The function generator serves as a versatile tool designed to produce various waveforms such as sinusoidal, triangular, rectangular, sawtooth, and square waves. These waveforms encompass a range of frequencies, adjustable from fractions of Hertz to several hundred kiloHertz, courtesy of the function generator. Notably, this generator possesses the capability to concurrently generate diverse waveforms for different applications. Below is the circuit diagram depicting the function generator utilizing the LM1458.
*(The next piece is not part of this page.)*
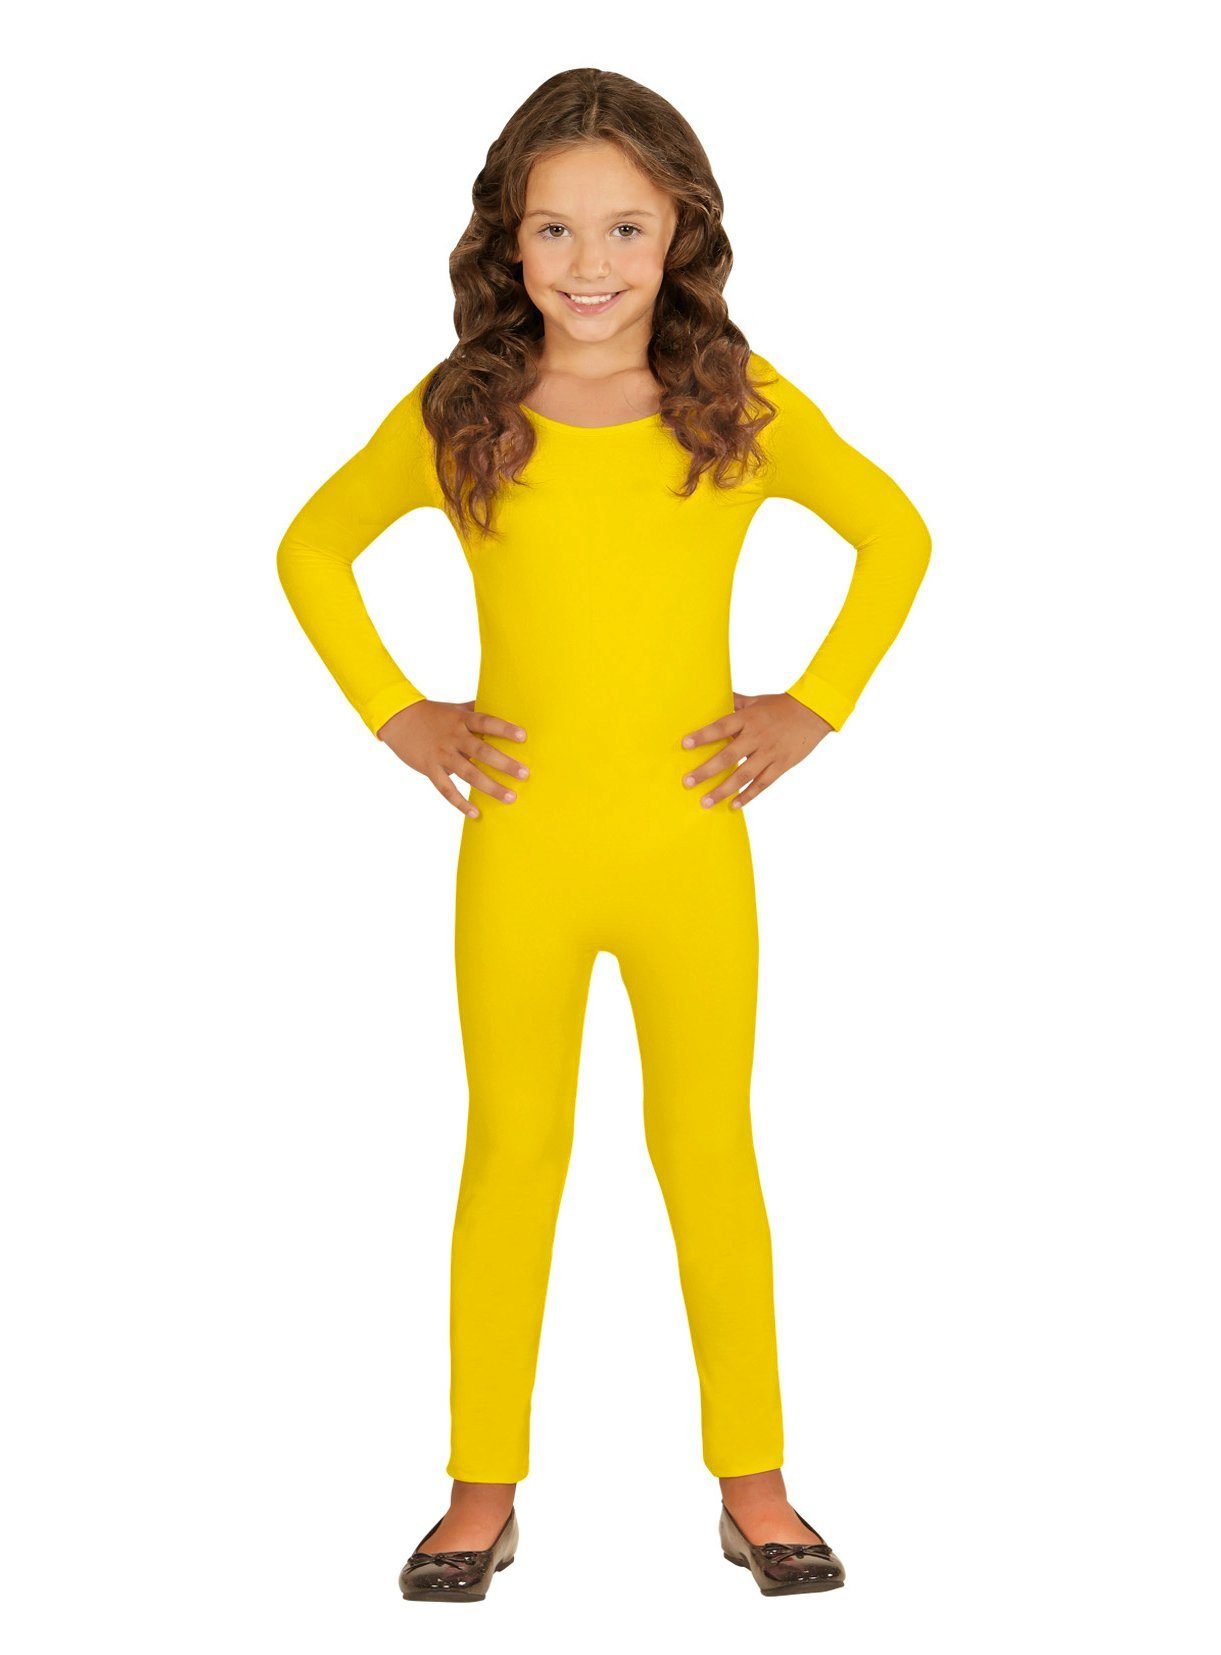 Widdmann Kostüm Langer Body gelb, Einfarbige Basics zum individuellen Kombinieren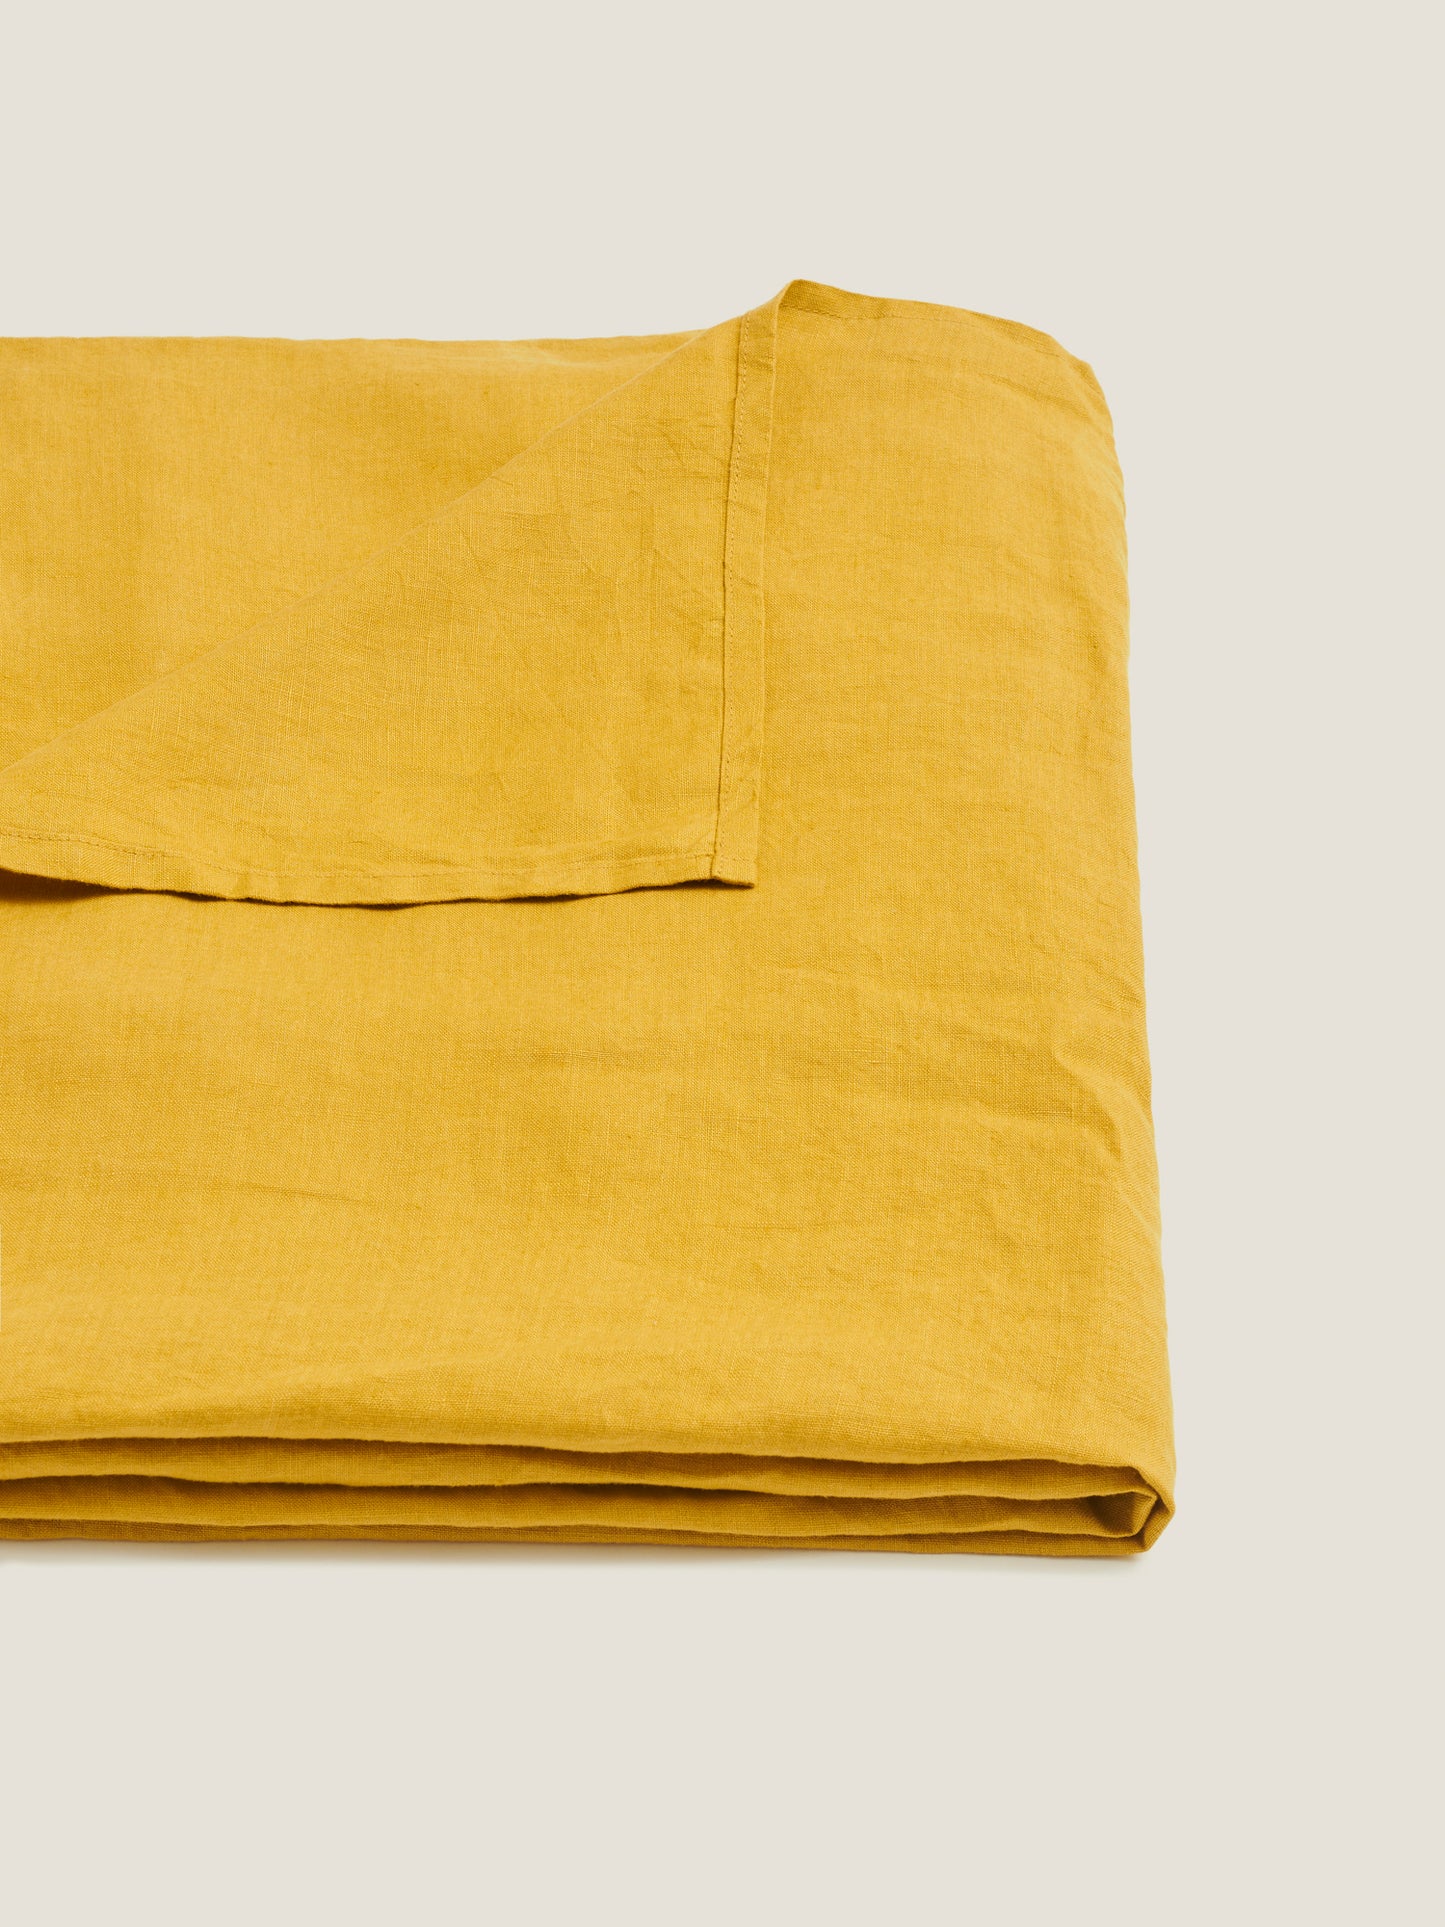 Linen Tablecloth in Ochre

The LM1458 operational amplifier serves dual functions, with shared bias network and power supply lines for both operational amplifiers. Within the function generator circuit, four integrated circuits labeled IC 1a, IC 1b, IC 2a, and IC 2b are utilized. IC 1a functions as an astable multivibrator, IC 1b as an integrator, and IC 2a also operates as an integrator.

 

In the realm of function generators from 2020, noteworthy models include the GM Instek SFG-1013 DOS, DIY Function Generator Kit by JYE Tech FG085, ATTEN ATF20B DDS, Rigol DGI02220 MHz Function Generator featuring a secondary channel, Eisco Labs Function Generator with a frequency range of 1KHz to 100 kHz, B & K Precision 4011A Function Generator, JYETech 08503 – Portable Digital Function Generator, Tektronix AFG1062 Arbitrary Function Generator, Keithley 3390 Arbitrary Function Generator, and Rigol DG1062Z Function/Arbitrary Waveform Generator.

 

Advantages

 

The advantages of the square wave generator include:

 

1. Simplicity

2. Ease of maintenance

3. Cost-effectiveness

 

Frequently Asked Questions (FAQs)

 

1. What are square waves?

 

Square waves are grid-like patterns that appear on the surface of the ocean, also referred to as cross waves or cross-sea waves.

 

2. What are the various types of signal generators?

 

Signal generators come in different types, including:

 

- Frequency Generator

- Arbitrary Waveform Generator

- Microwave and RF Function Generators

- Pitch Generator

- Digital Pattern Generators

 

3. What are the various categories of multivibrator circuits?

 

There exist three categories of multivibrator circuits: Monostable Multivibrator Circuit, Astable Multivibrator Circuit, and Bistable Multivibrator Circuit.

 

4. What defines a function generator?

 

A function generator refers to a device utilized for producing electrical waveforms across a broad frequency spectrum. The waveforms generated by such equipment encompass triangular waves, square waves, sine waves, and sawtooth waves.

 

5. What risks are associated with square waves?

 

While square waves may appear captivating, they pose hazards to swimmers and boats. When two wave systems intersect, they create patterns resembling squares on the ocean's surface, which can be perilous.

 

In this articles, we delve into the benefits of square wave generators, explore circuit diagrams for square wave generators, and examine function generators. Now, a question for you: What is your recommendation for the top square wave generator on the market?